En parallèle, des techniques corporelles comme la relaxation, la cohérence cardiaque, la pleine conscience et l’autohypnose sont autant de moyens pour favoriser ce lâcher-prise. Malgré leur efficacité, les TCC restent peu accessibles en France, en grande partie parce qu’elles ne sont pas remboursées par l’Assurance maladie. Certains psychologues proposent également des programmes en ligne ou par téléphone, une alternative aux consultations traditionnelles utile dans les déserts médicaux.

Un recours ponctuel aux médicaments

Même si pour lutter contre l’insomnie, l’approche comportementale est largement privilégiée, des médicaments, comme les hypnotiques (somnifères) peuvent parfois être prescrits pour traiter ponctuellement l’insomnie. Il convient toutefois de rester vigilant face au risque de dépendance.

Un nouveau médicament, le Quviviq®, a récemment été introduit en France. Délivré sur ordonnance depuis mars 2024, en deuxième intention, ce médicament contient une nouvelle molécule, le daridorexant, qui agit sur les récepteurs de l’orexine, un neurotransmetteur qui favorise l’éveil.
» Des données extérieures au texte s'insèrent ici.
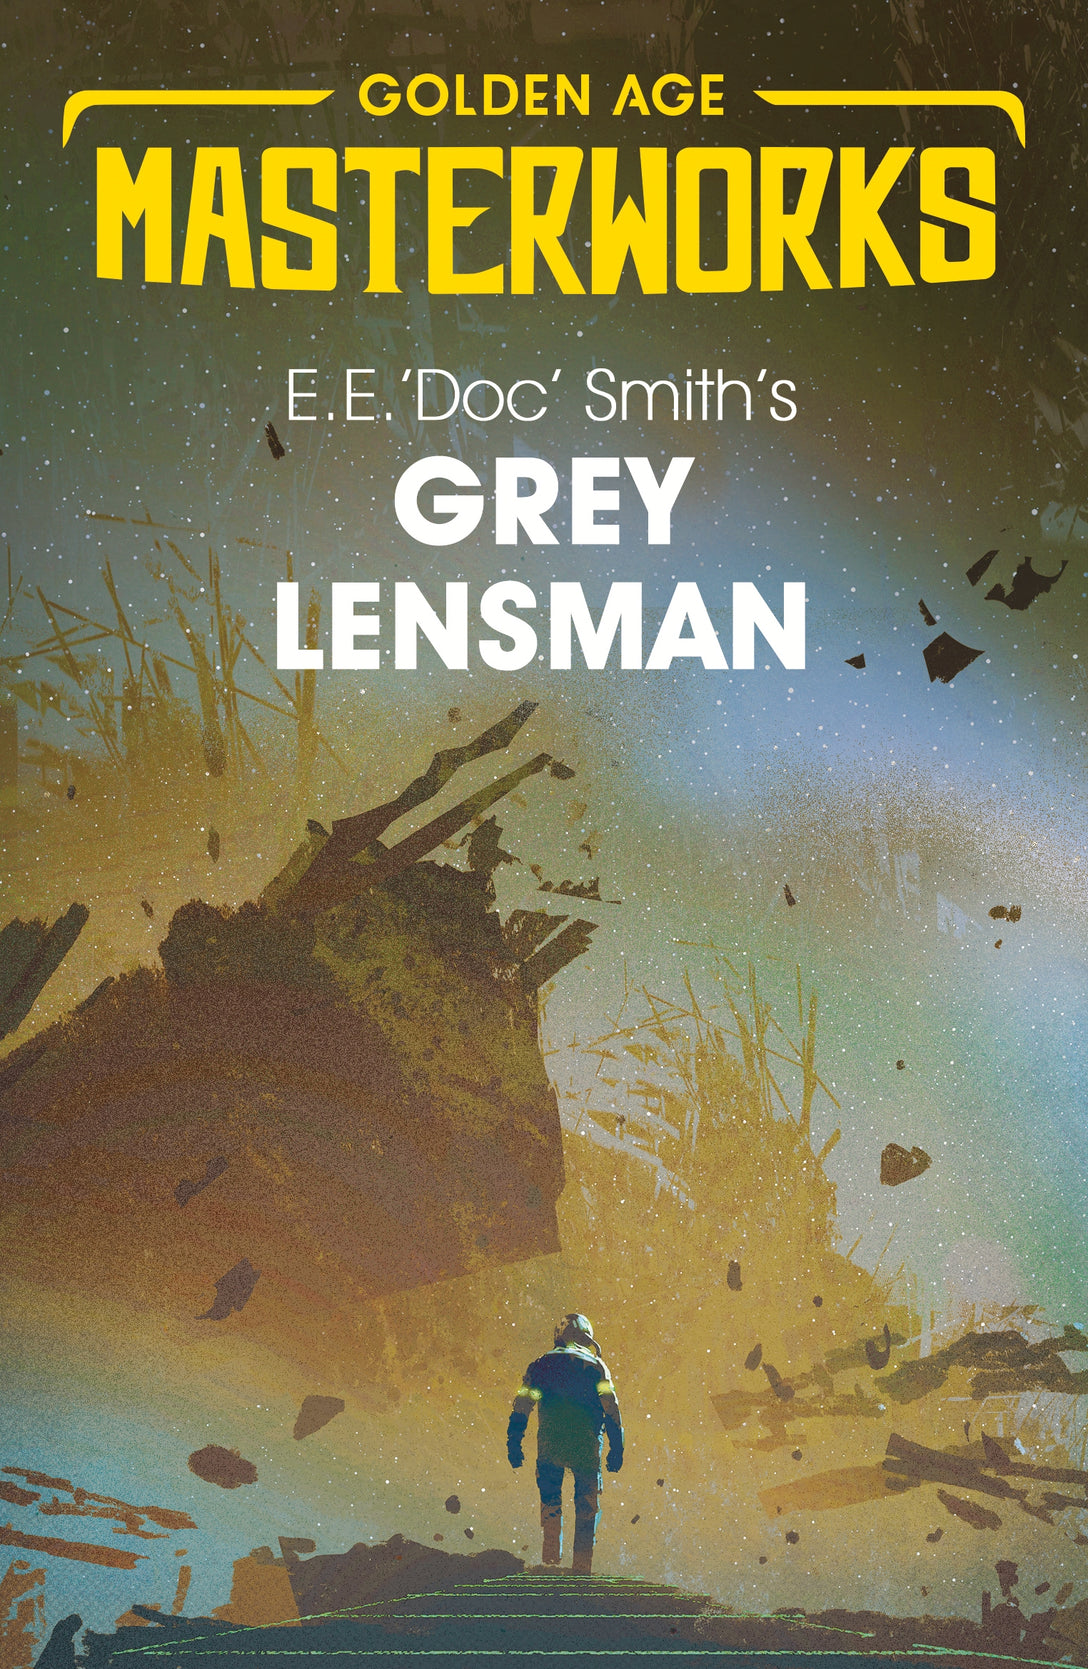 Grey Lensman by E.E. 'Doc' Smith

Considéré comme « sûr et plutôt efficace » par l’Inserm, celui-ci appelle toutefois à la prudence : « un nouveau médicament ne résoudra pas tout à lui seul, surtout s’agissant d’une maladie multifactorielle comme l’insomnie, avec des composantes psychologiques, physiologiques et neurobiologiques difficiles à dissocier ».

* Enquête INSV/Fondation VINCI Autoroutes menée par OpinionWay pour la Journée du sommeil 2024.
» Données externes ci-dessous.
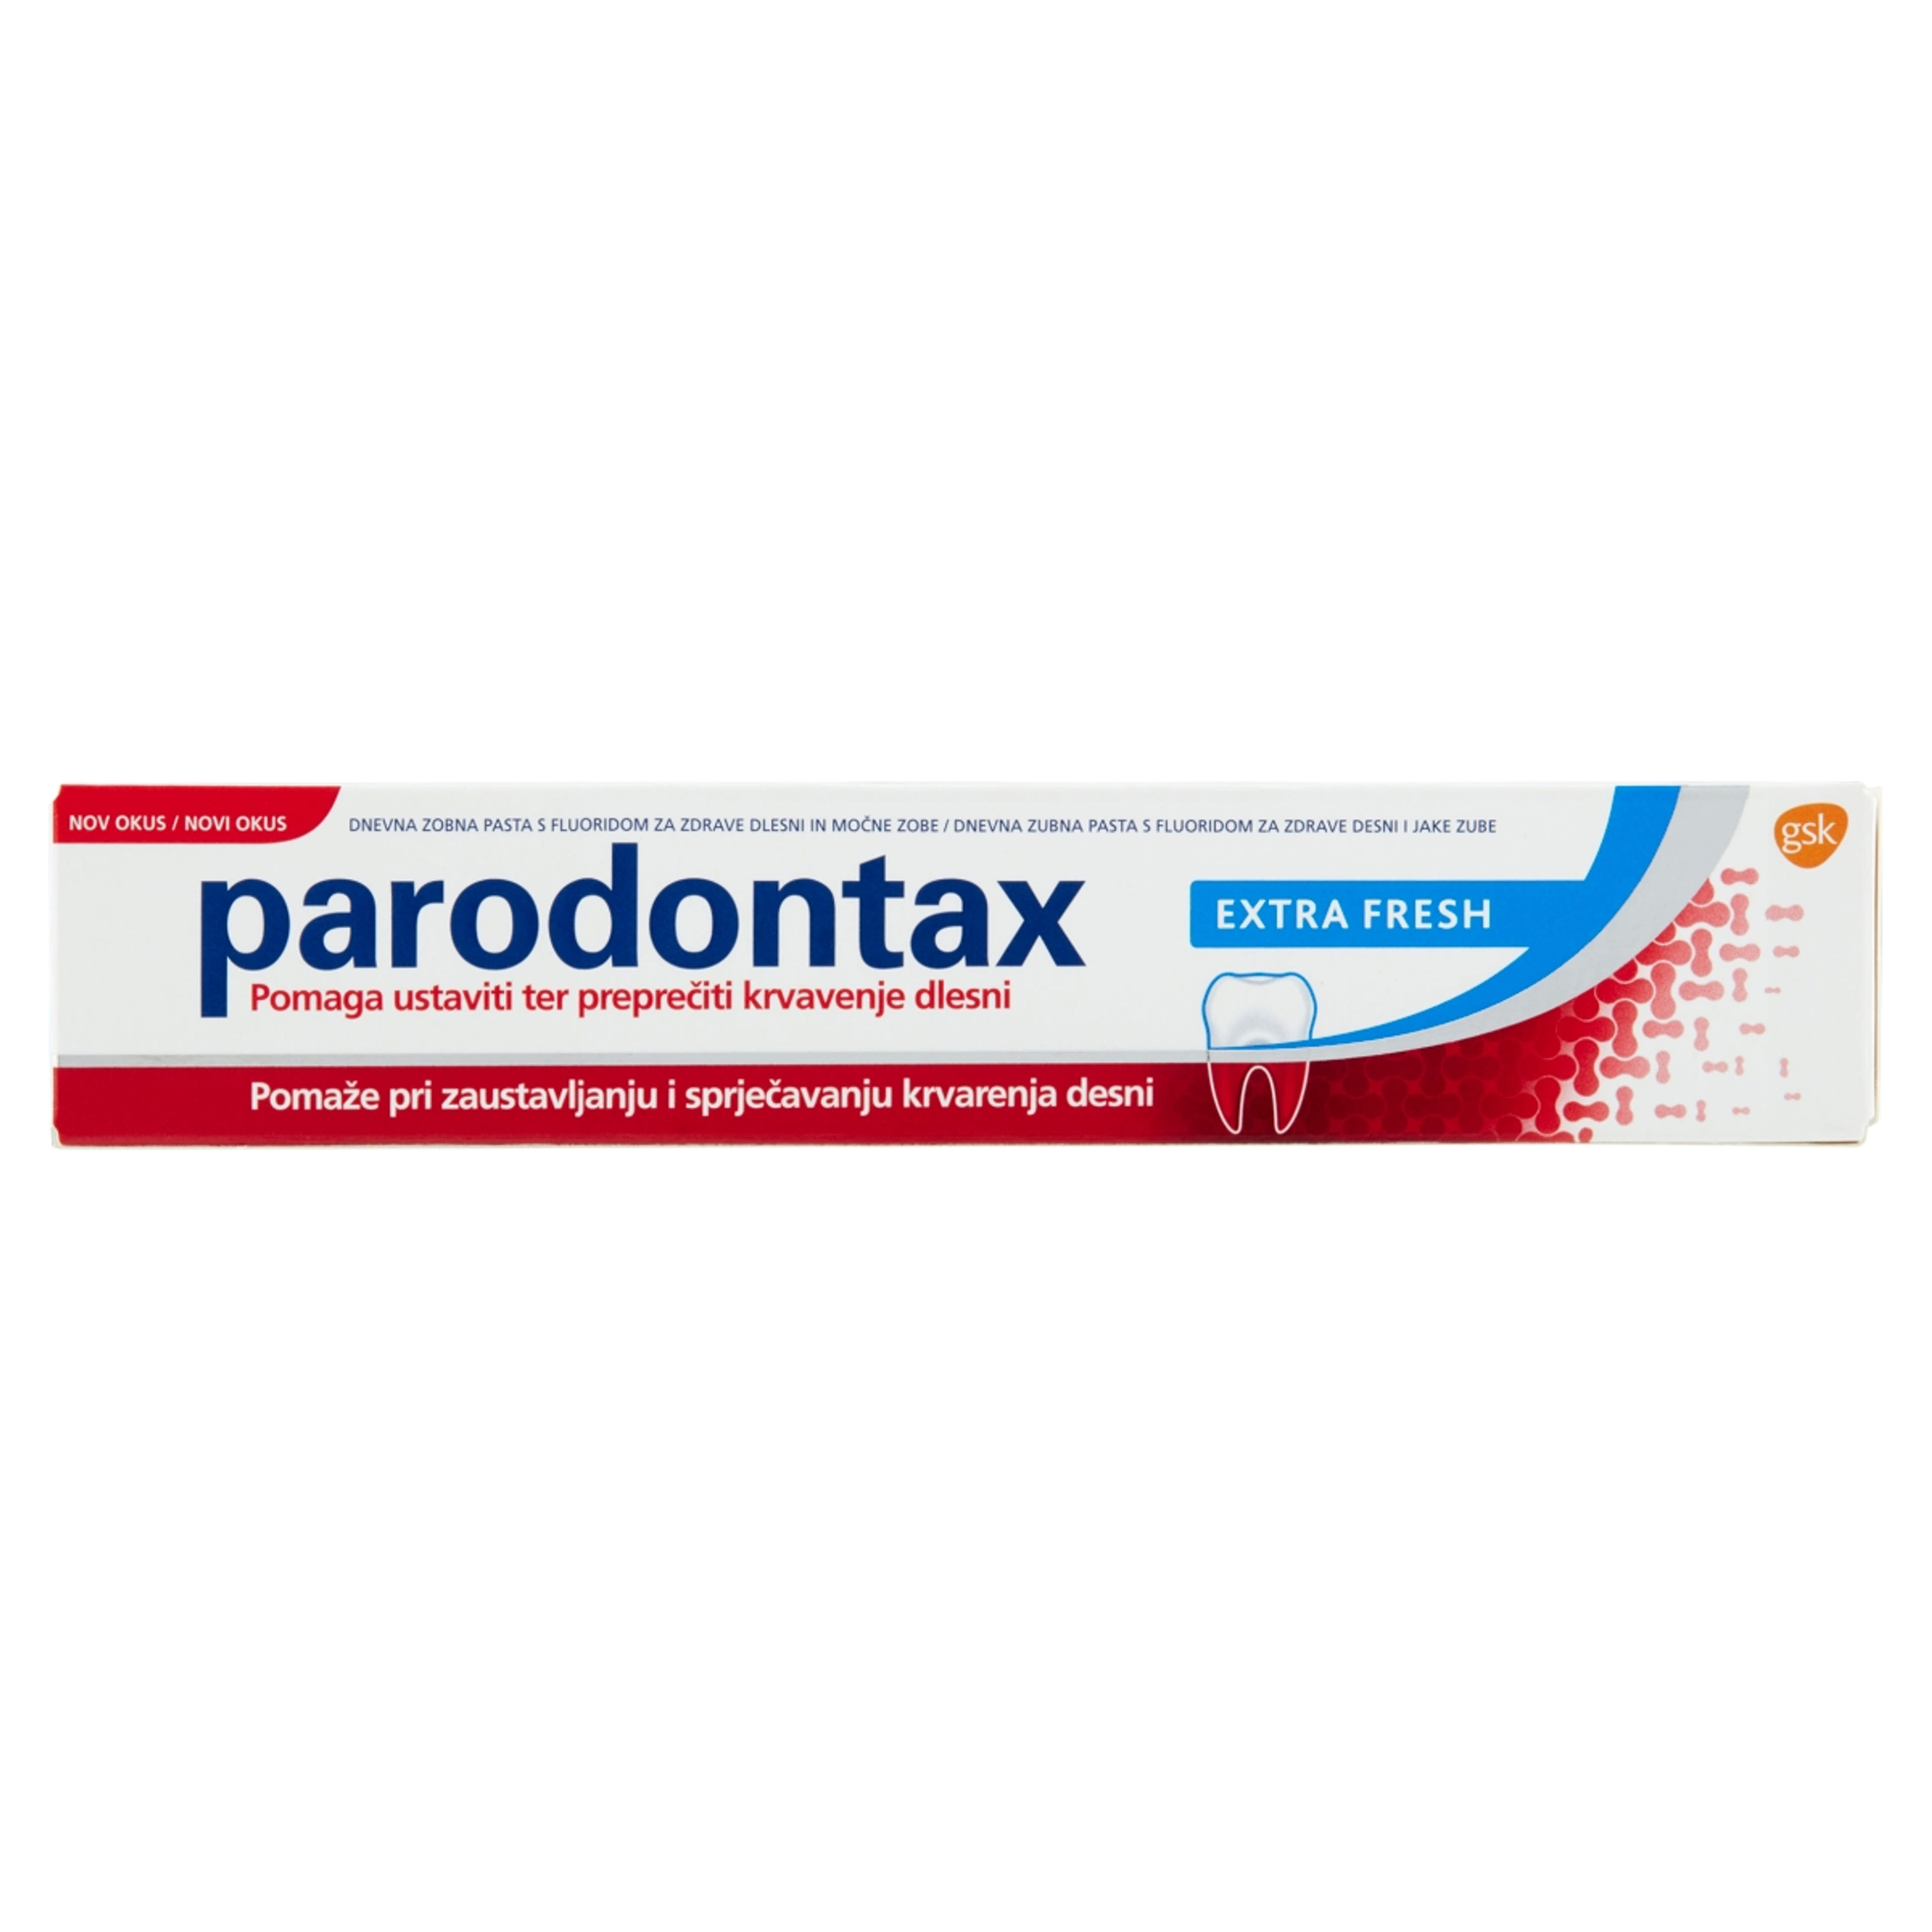 Parodontax Extra Fresh fogkrém - 75 ml-1

Des besoins en sommeil variables

Si une nuit de sept à huit heures suffit en moyenne, certaines personnes n’ont besoin que de quelques heures de sommeil pour se sentir reposés. Il est donc crucial d’évaluer son état de bien-être en journée pour mieux comprendre ses propres besoins. Et avec l’âge, le sommeil évolue. Il devient souvent plus léger et fragmenté. Les personnes âgées ont tendance à se coucher plus tôt et à se réveiller de façon précoce. En revanche, elles peuvent avoir besoin de faire des siestes en journée pour compenser la diminution du sommeil nocturne.